God proclaims to the faithful who “seek refuge” in Him that on that great day it will be an everlasting reality that “the Lord, your God, is in your midst, a warrior who gives victory; he will rejoice over you with gladness, he will renew you in his love; he will exult over you with loud singing.”

Notice that it’s not the people who obtain this victory and bring about this happy state of affairs.  It is the doing of the One beyond them who comes into their midst and makes happen what they never could.

All the faithful have to do is to follow the lead of this God who rejoices in them.  All they have to do, as they wait through their struggles and suffering for the arrival of that great day, is to imitate God and in turn rejoice in Him.  Therefore, God commands them here and now, to “sing aloud, O daughter Zion; shout, O Israel! Rejoice and exult with all your heart, O daughter Jerusalem.”
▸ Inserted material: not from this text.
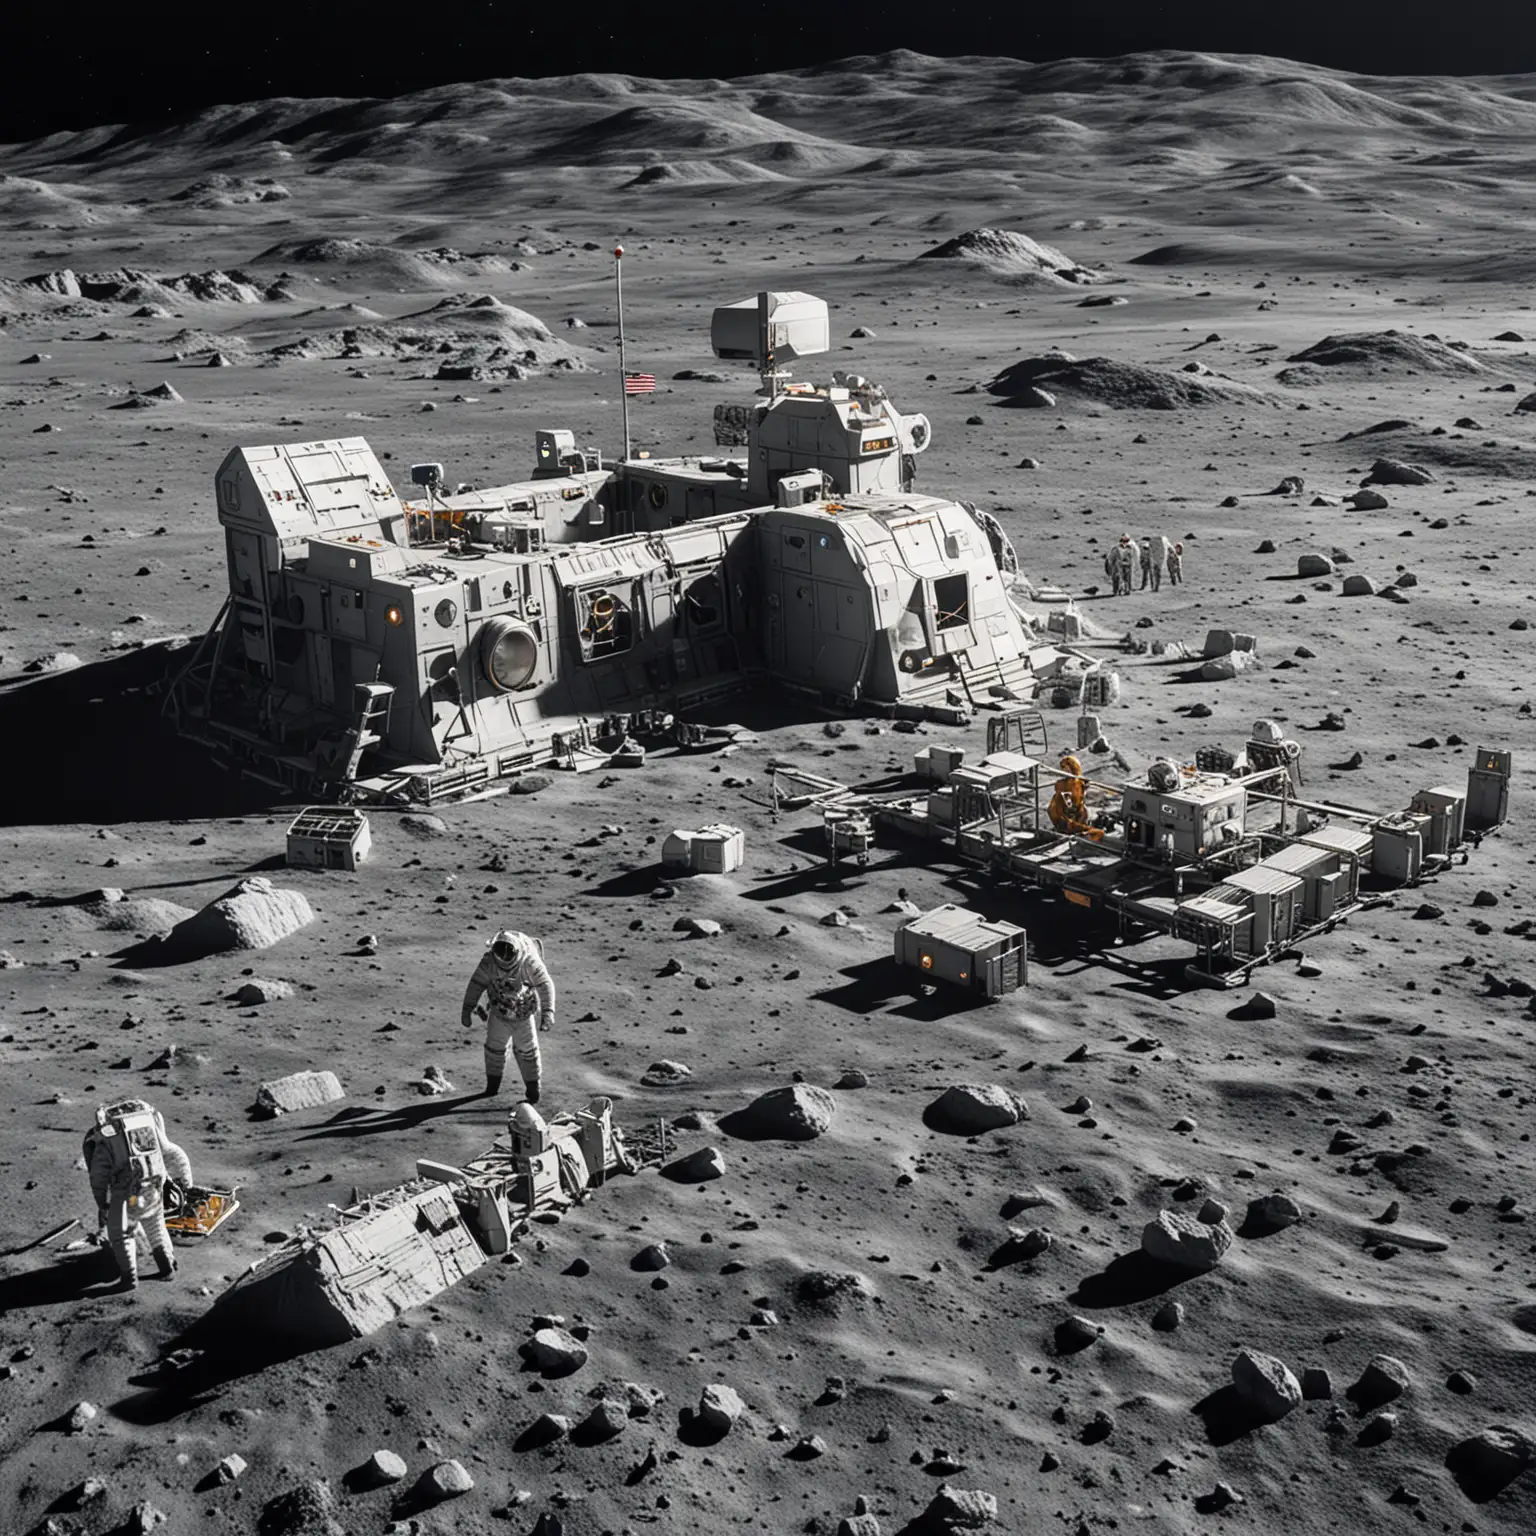 Moon Base Futuristic Lunar Colony with Advanced Technology

And we should do the same here and now, as some of our brothers and sisters do every Sunday.

In a talk entitled “The Sense of an Ending”, Jeremy Begbie tells about attending a worship service in a poor South African township. That week, a house around the corner from the church had been burned to the ground by arsonists seeking payback, a tornado had ripped apart 50 homes and killed five, and a gang had murdered a 14-year-old member of the church Sunday School.

The pastor began his opening prayer, lamenting, “Lord, You are the King.  Why did You let all this happen?  We are ever in the midst of death.”  As he prayed in this vein, the congregation responded to his words with passionate sighing and heart-felt groaning.  Then, once he finished praying, a listening silence fell upon them all, until very gradually everyone began to sing of God’s glory, at first quietly, but then louder and louder.  They sang and shouted and exulted, thanking and praising the God who had, to use Begbee’s words, “plunged into the worst of this world to give us a promise of an ending beyond all imagining.”

And their exalting God’s name with faith, joy, hope and fervor lifted their spirits in defiance of their circumstances and gave them a foretaste of the end of history and their destiny in Christ.  Rejoicing in hope takes thinking about the future but it is fulfilled today by “breathing in the fresh air of that great ending, tasting its spices and sipping the wine of the feast to come.”

Let us, this Sunday at church and on any cold cloudy weekday as well, radiate the joy of believing that there is for us every step of the way uplifting and empowering help from beyond.  For there is in our midst a warrior God who rejoices over us and gives us victory in the end!